Finaler Kampf in der Donnerkuppel

Die skurrilen Aufgaben, die dort im Anarcho-Kollektiv zu erfüllen sind, dienen einem Ziel: der Rettung der 5 Säulen der Demokratie. Es sind die „peripheren“, gern als bürgerlich abgetanen Werte und Verhaltensweisen, die plötzlich wieder von Bedeutung sind.
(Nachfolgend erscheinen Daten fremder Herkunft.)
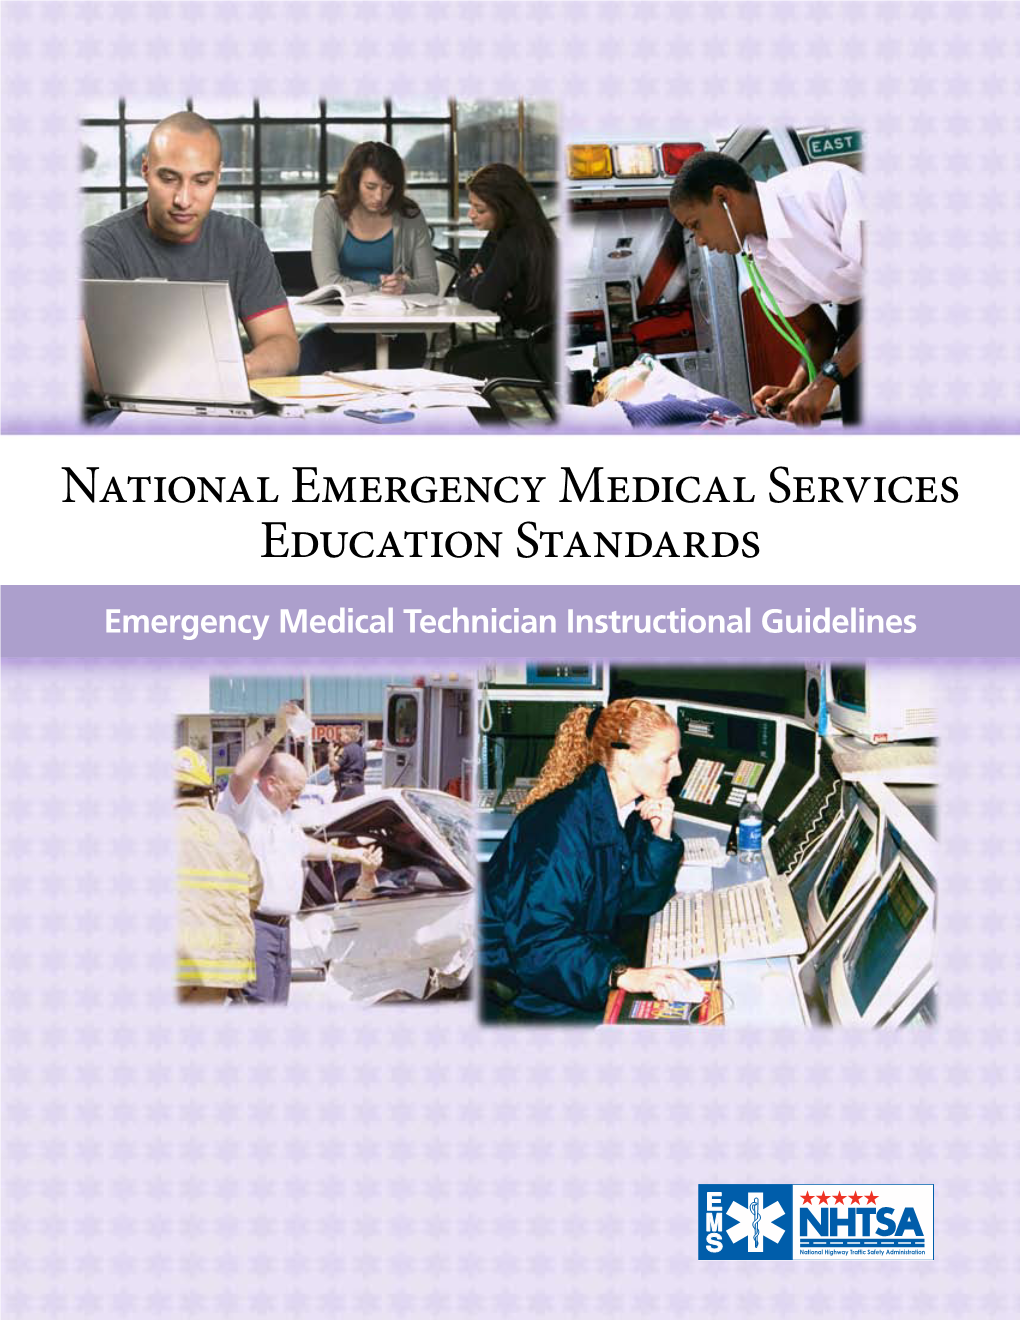 EMT Instructional Guidelines in This Section Include All the Topics and Material at the EMR Level PLUS the Following Material

Nach einer Erholungs- und Essenspause vor dem Schauspielhaus (dort ist inzwischen auch die Ligna-Fraktion eingetroffen) geht es ins Theater. Hier soll, moderiert von drei Transen, der finale „Kampf in der Donnerkuppel“ zwischen Rick Rockatansky und Julieta Morgenroth (Symbolfiguren für das westliche und östliche Revier) stattfinden. Die Handwerker hatten sich einst in der zerfallenden Metropole gesucht; vor dem Kampf wird ihre Suche noch einmal rekapituliert. Trotz der Hochglanzbilder, der starken Projektionen und Licht-Installationen und trotz des prächtigen Schauspieler-Ensembles (mit einem wieder einmal großartigen Hartmut Stanke als resignierendem Ex-Präsidenten Albertz) fällt dieser Teil gegen die ersten Stationen ab.

Mehr Distanz wäre geboten

Die Inszenierung von „Copy & Waste“ offenbart in ihrer Dialoglastigkeit, in ihrem Übermaß an unsinnlichen Fakten und Theorien jene Mängel, die auch die Lektüre des Romans zu einem eingeschränkten Vergnügen machen. Man hätte „Copy & Waste“-Mitbegründer Albrecht etwas mehr Distanz zum Text des Autors Albrecht gewünscht.